Il est important de différencier des autres vitréorétinopathies congénitales.
| Maladie | Points de différenciation |
|---|---|
| Syndrome de Stickler | Dégénérescence radiaire périvasculaire, pas d’atrophie maculaire, bonne acuité visuelle, hypoplasie médio-faciale |
| ADVIRC | Dégénérescence périphérique à limites nettes, anomalie du segment antérieur, autosomique dominant |
Le traitement du syndrome de Knobloch est essentiellement symptomatique, visant à gérer les symptômes individuels tant oculaires que ceux liés au défaut osseux occipital. Aucun traitement curatif n’est établi.

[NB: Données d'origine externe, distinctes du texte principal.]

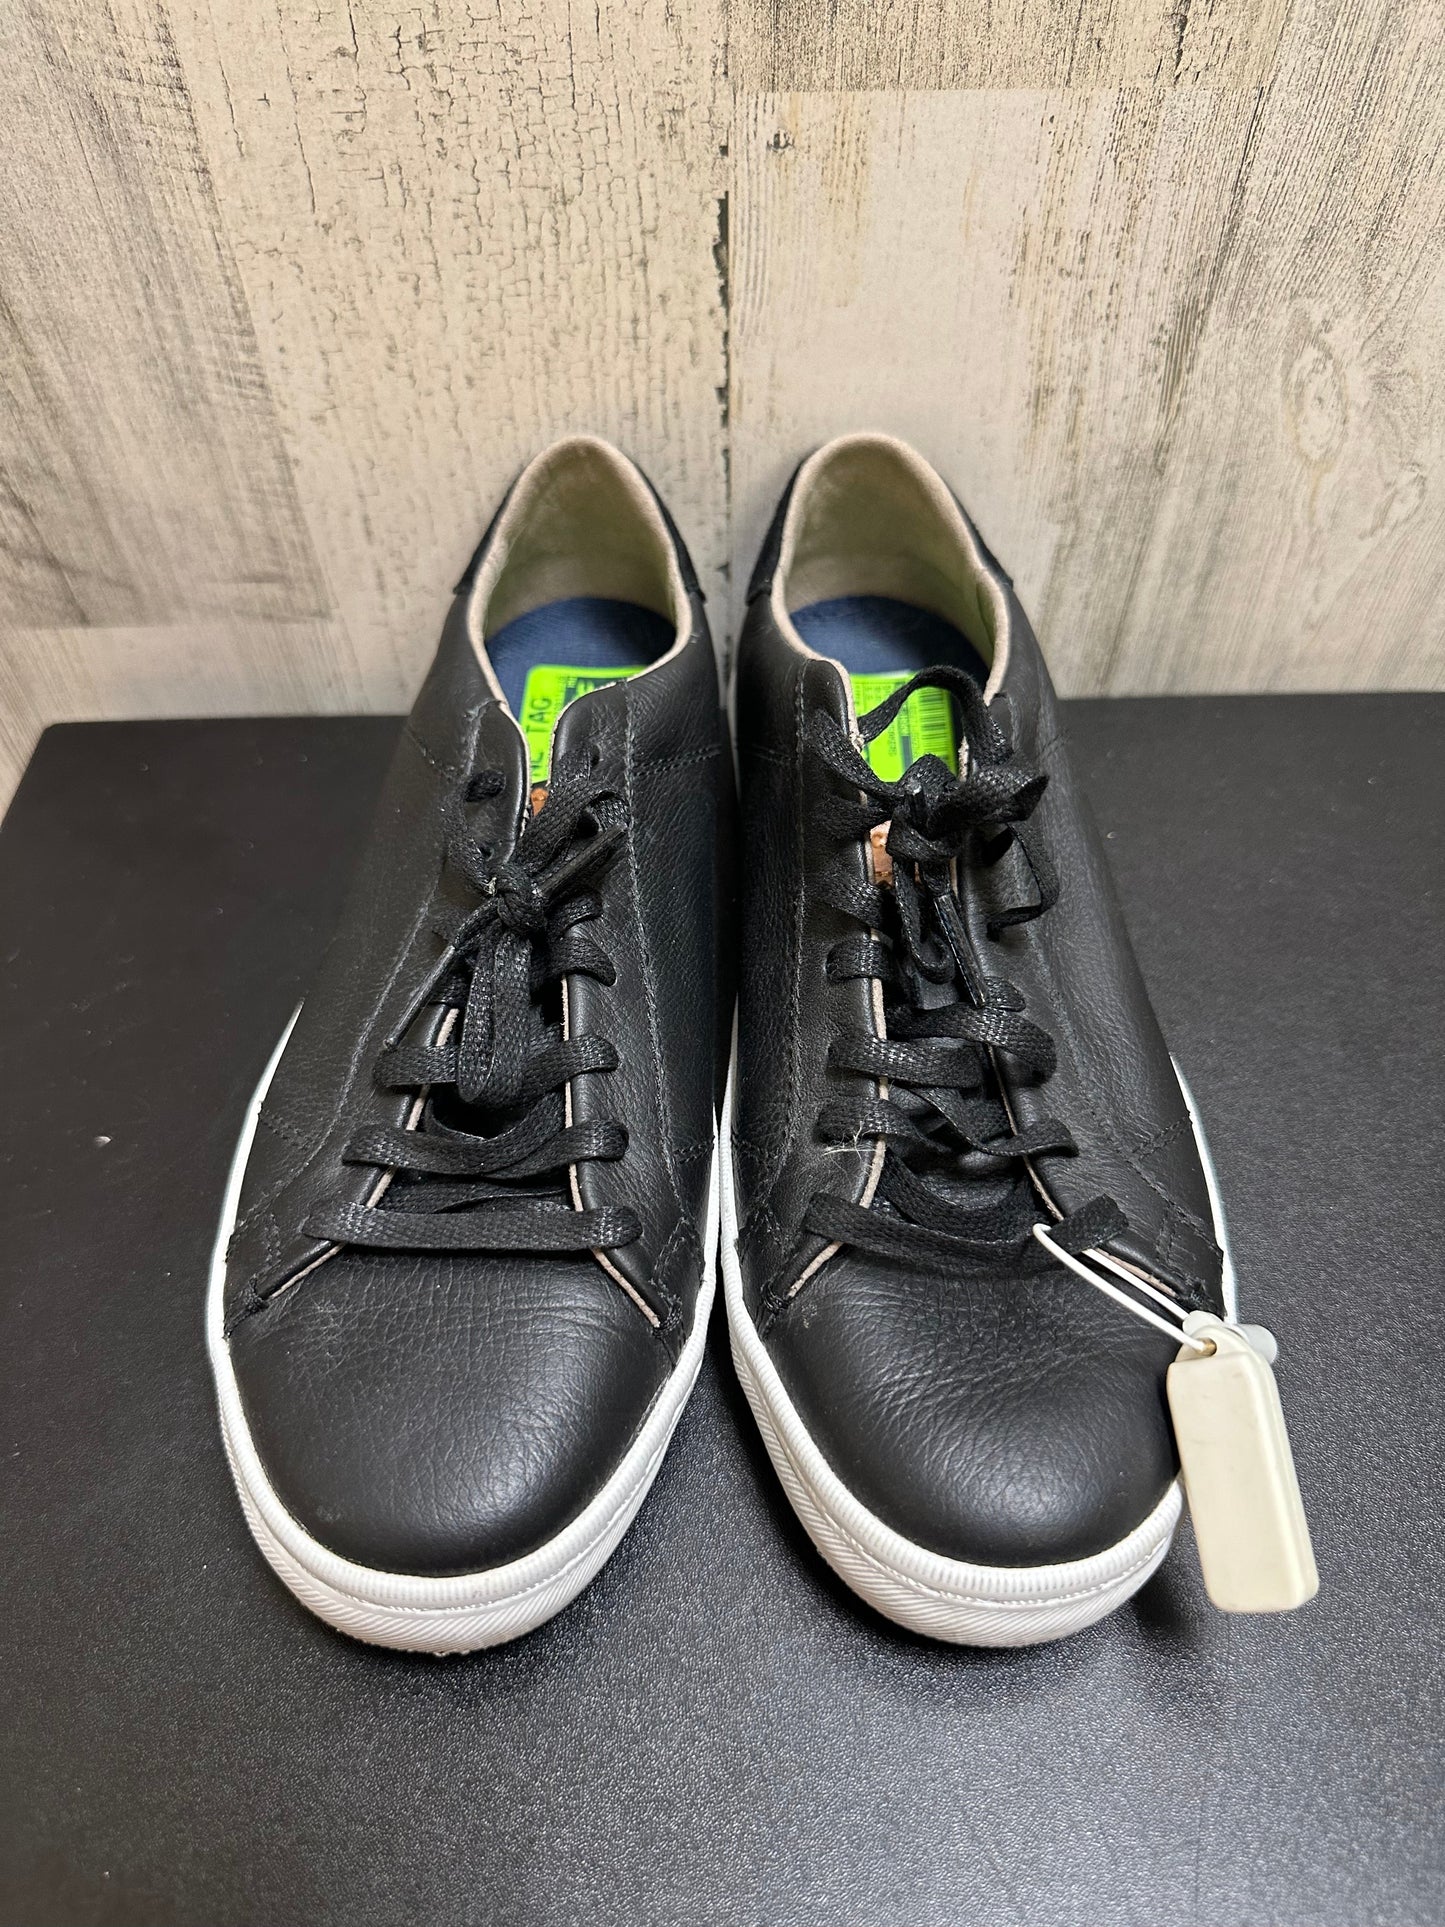 Black Shoes Sneakers Cole-haan, Size 6.5

Étant une maladie autosomique récessive, les deux parents sont souvent porteurs. Le risque pour chaque enfant de développer le syndrome est de 25 %. Le conseil génétique pour les patients et leurs familles est important.
Les anomalies oculaires sont sévères, progressives et irréversibles, conduisant généralement à une cécité bilatérale. L’incidence du décollement de la rétine est quasi constante malgré une intervention chirurgicale ou une cryothérapie prophylactique. Le décollement de la rétine tend à survenir à la fin de la deuxième décennie ou plus tard.
Les anomalies oculaires sont sévères, progressives et irréversibles, conduisant généralement à une cécité bilatérale. Le décollement de la rétine survient dans presque tous les cas et est souvent difficile à prévenir même par intervention chirurgicale. Un diagnostic précoce et un suivi ophtalmologique régulier sont importants pour maintenir la fonction visuelle.
Les mutations du gène COL18A1 entraînent une production anormale ou une absence de collagène de type XVIII1). Le collagène de type XVIII est largement distribué dans de nombreux tissus oculaires, notamment la membrane de Bruch, le cristallin, la membrane basale de l’iris, l’humeur aqueuse, le vitré et la rétine.
Maintien de la membrane basale
Rôle structurel : Maintient l’intégrité structurelle de la membrane basale épithéliale (MB) des tissus oculaires.
Tissus affectés : Impliqué dans la stabilité de nombreuses structures oculaires telles que la membrane de Bruch, le cristallin et la membrane basale de l’iris.
Régulation de l'angiogenèse
Anti-angiogenèse : Le fragment C-terminal, l’endostatine, agit comme un puissant inhibiteur de l’angiogenèse.
Signification clinique : L’absence de collagène de type XVIII perturbe le développement normal des vaisseaux oculaires et nerveux.
Transmission du signal
Signal Wnt/β : Impliqué dans la voie de signalisation Wnt/β-caténine, régulant le développement nerveux et oculaire.
Impact sur le développement : On pense que les perturbations de la signalisation entraînent des défauts de l’os occipital et des anomalies de la formation des tissus oculaires.
Les mutations de COL18A1 entraînent une perte d’intégrité structurelle et fonctionnelle des tissus oculaires, provoquant des pathologies oculaires telles que la myopie forte, la dégénérescence vitréo-rétinienne et le pseudo-colobome maculaire. Simultanément, le soutien structurel de la membrane basale dans le développement du tissu nerveux est altéré, entraînant des signes neurochirurgicaux tels que des défauts de l’os occipital et des encéphalocèles. On pense que les mutations affectant les protéines de la matrice extracellulaire, la structure du vitré et le remodelage scléral perturbent la stabilité biomécanique du pôle postérieur, conduisant à un allongement axial et à une myopie forte progressive1).